▶ **Your instructions**:
After locating the line containing "Hilary clinton boobs" in the entries below, please write out that line and the rest through the end exactly. Omit pictures.

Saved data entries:

*** Block opens ***

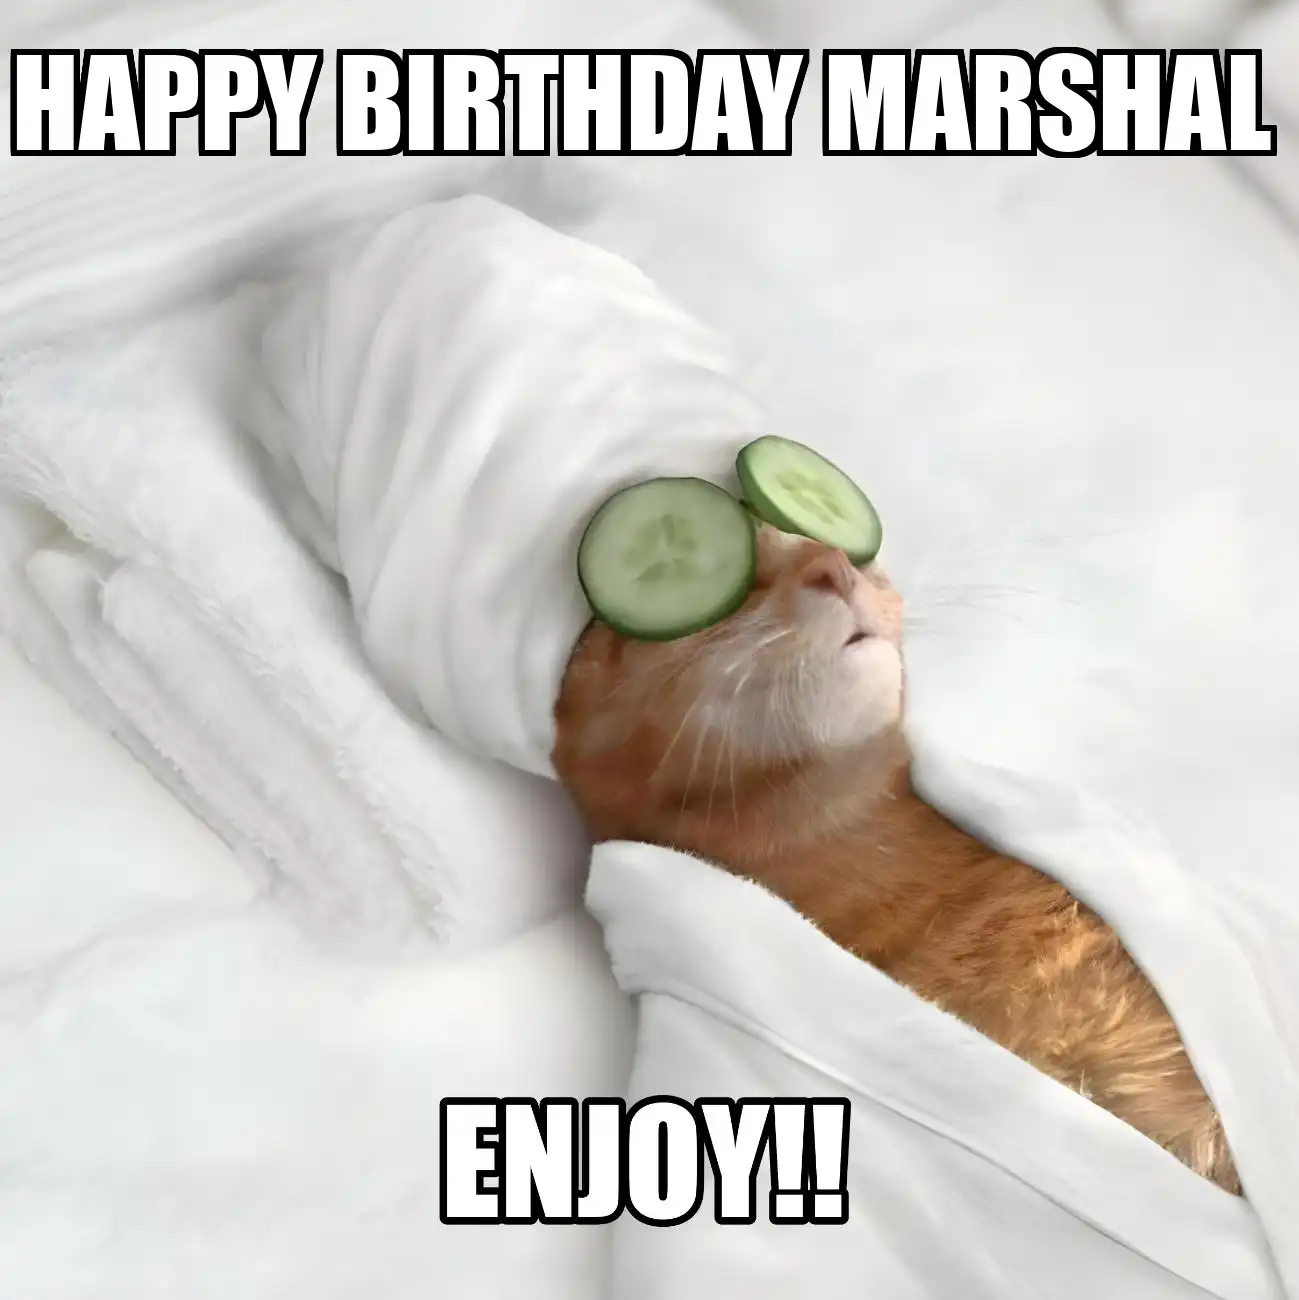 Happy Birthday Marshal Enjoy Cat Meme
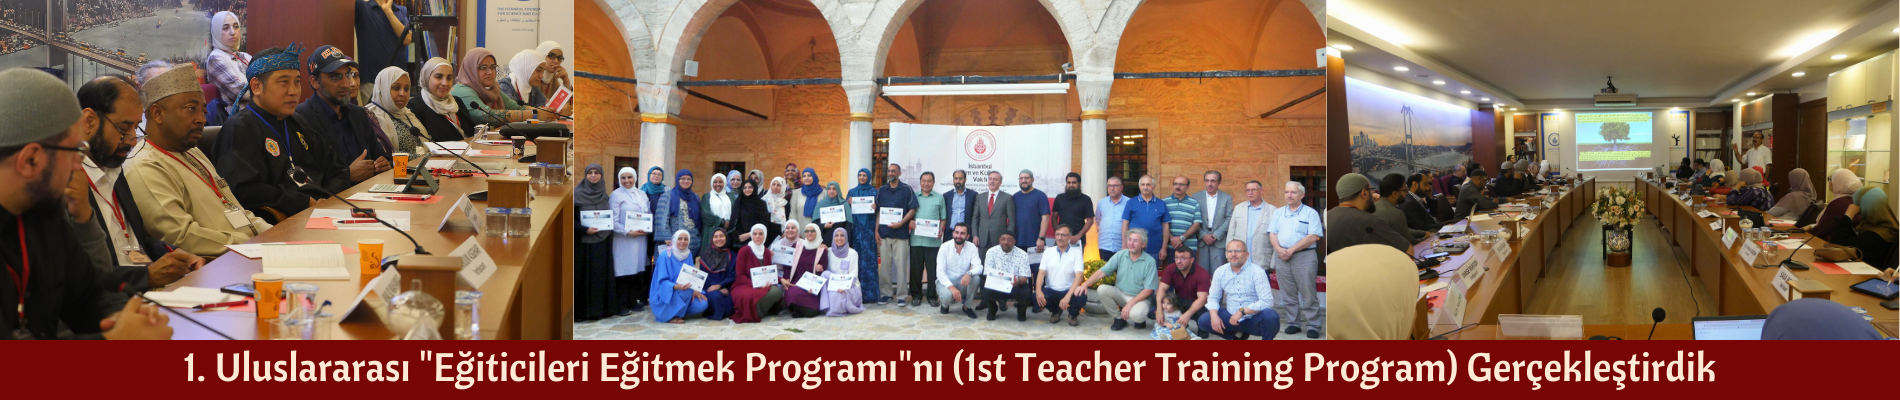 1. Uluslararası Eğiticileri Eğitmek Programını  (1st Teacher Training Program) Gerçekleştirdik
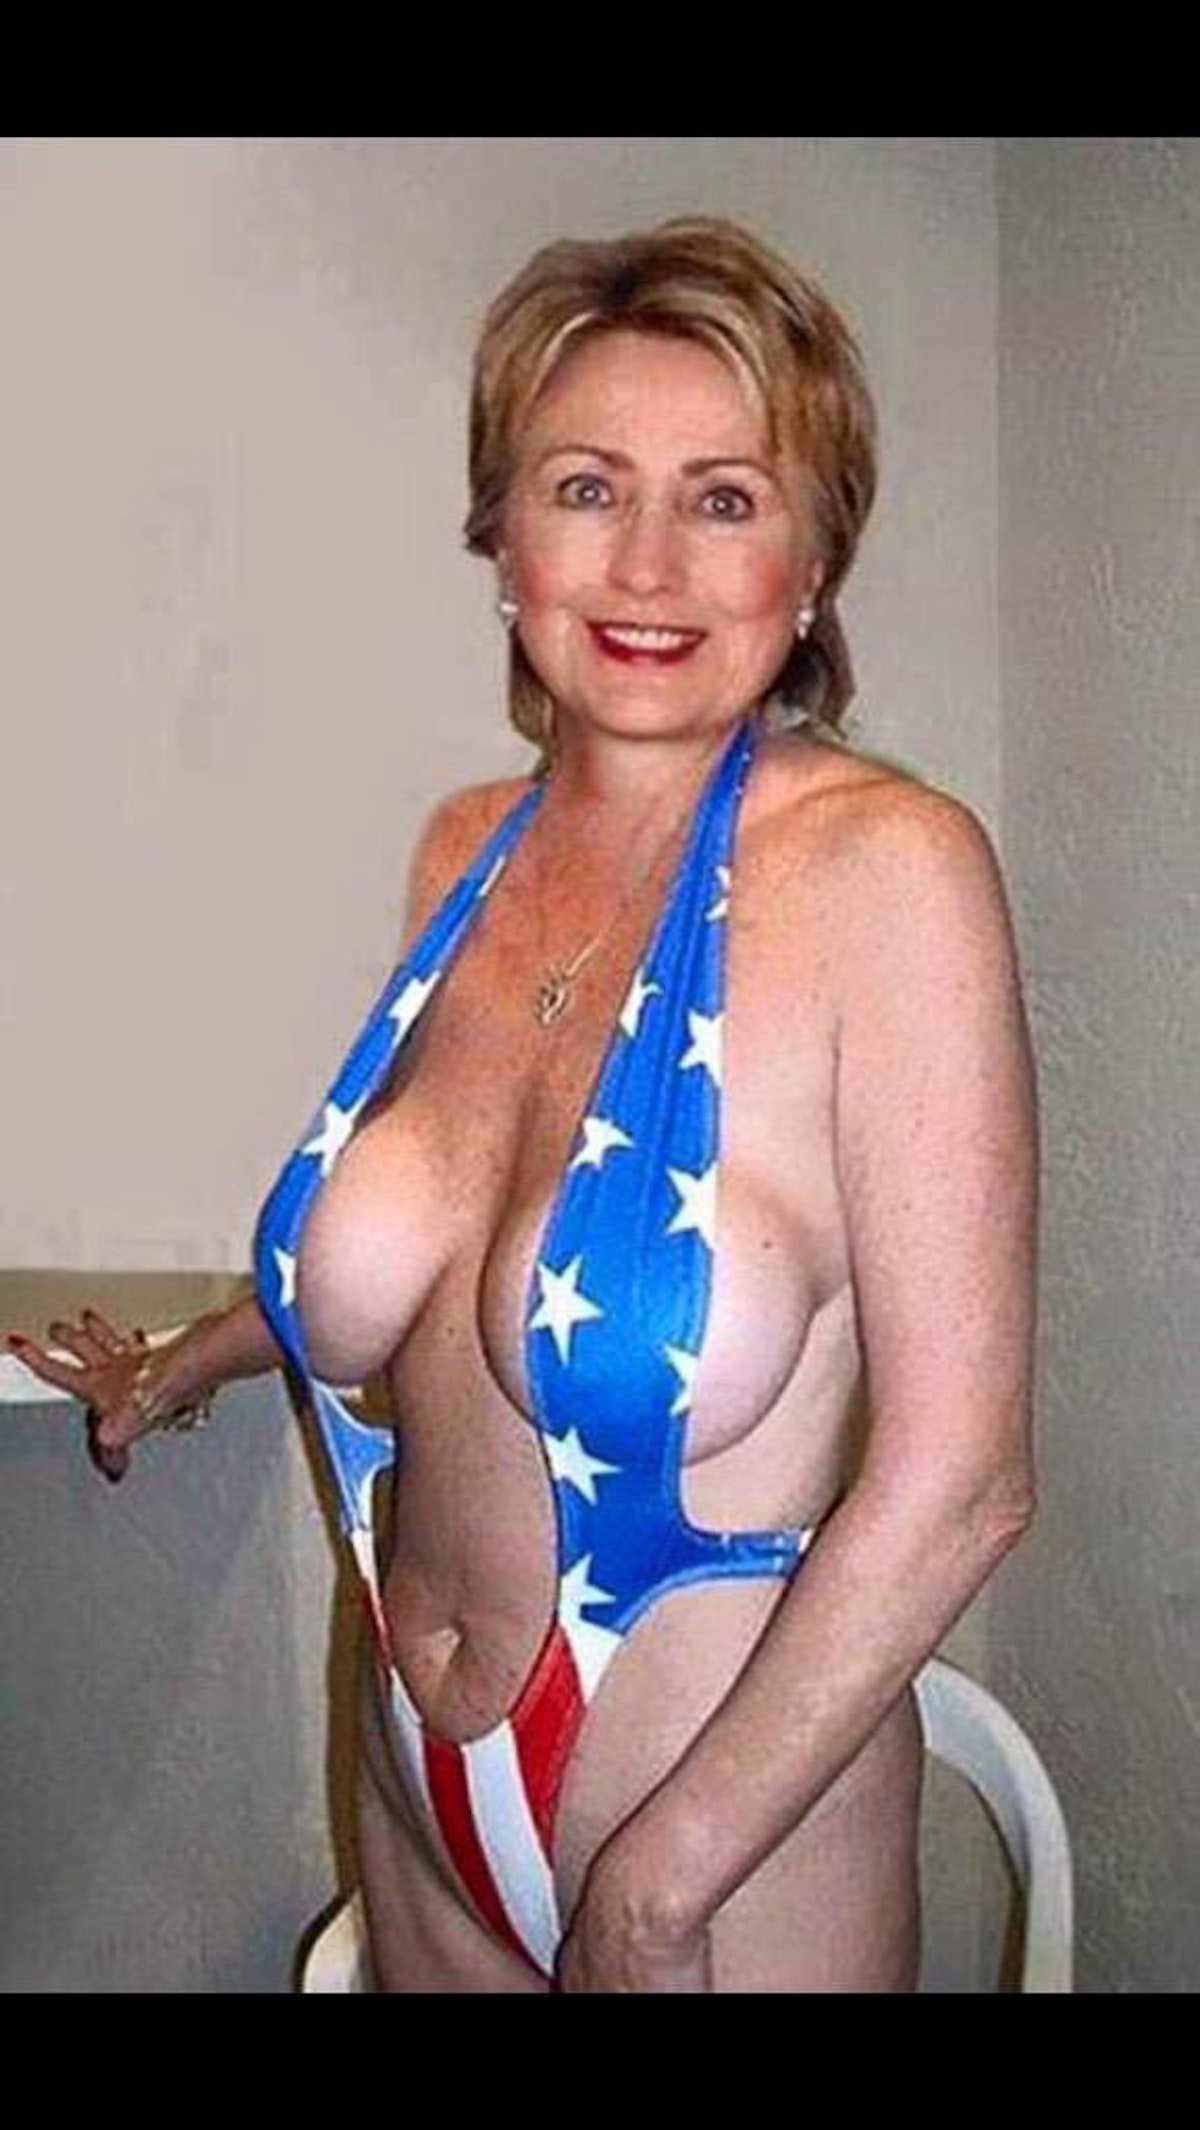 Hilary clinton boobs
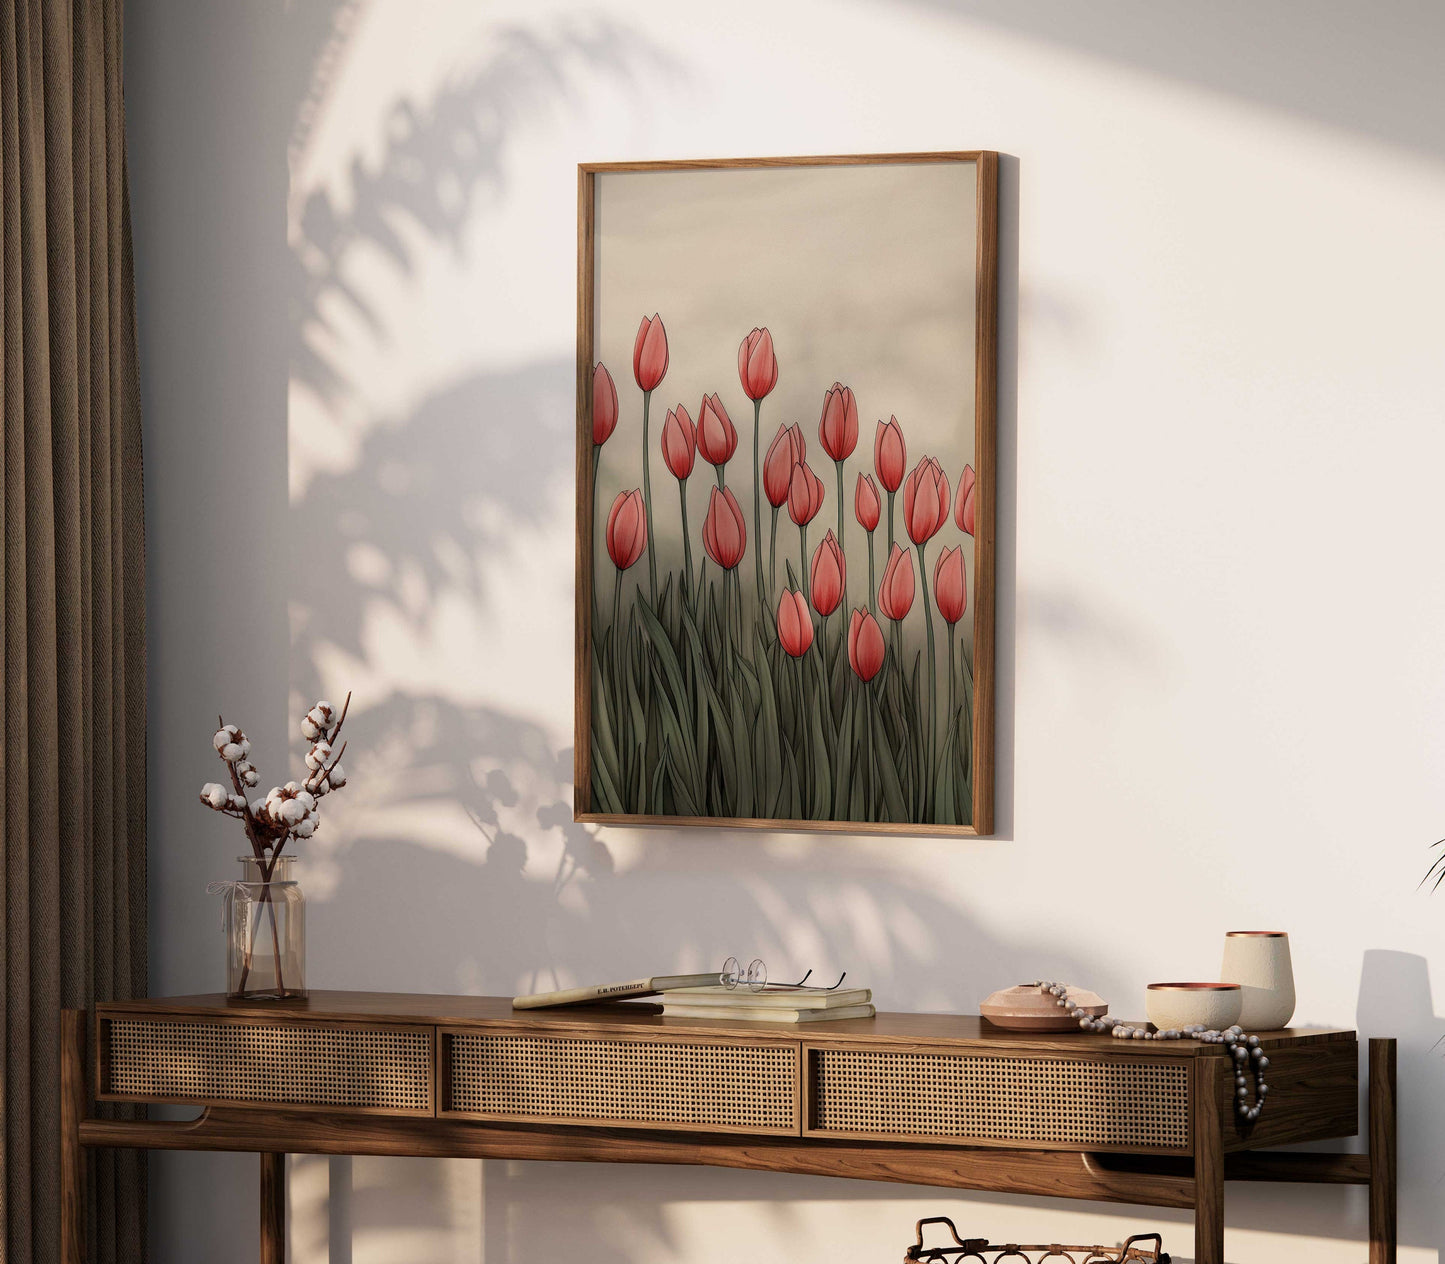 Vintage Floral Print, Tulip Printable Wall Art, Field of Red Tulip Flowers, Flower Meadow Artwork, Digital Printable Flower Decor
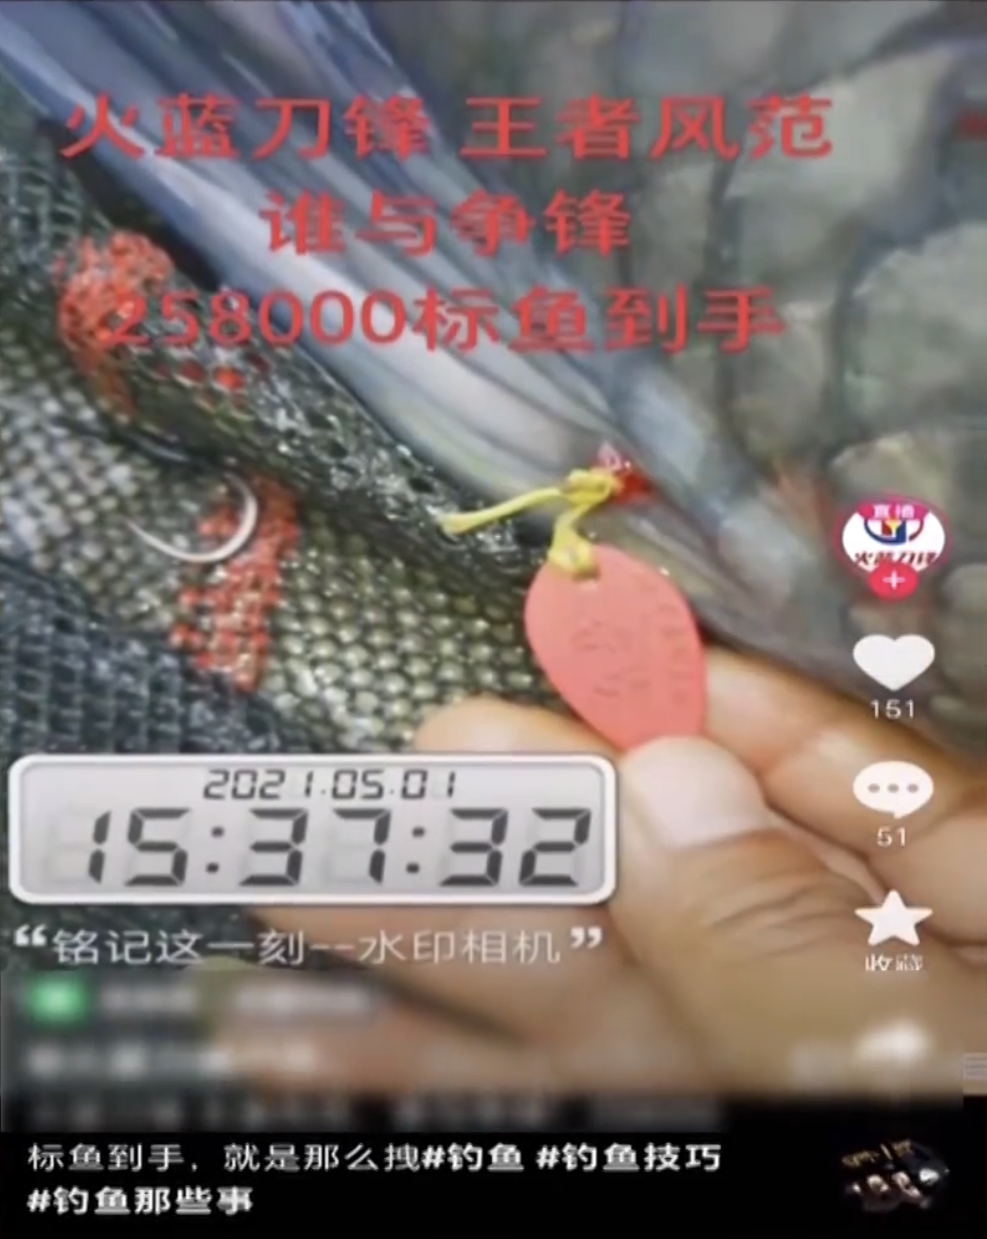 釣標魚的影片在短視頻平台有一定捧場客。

*** Block closes ***

▶ **Response below**:
 Hilary clinton boobs
 Vintage Floral Print, Tulip Printable Wall Art, Field of Red Tulip Flowers, Flower Meadow Artwork, Digital Printable Flower Decor
 釣標魚的影片在短視頻平台有一定捧場客。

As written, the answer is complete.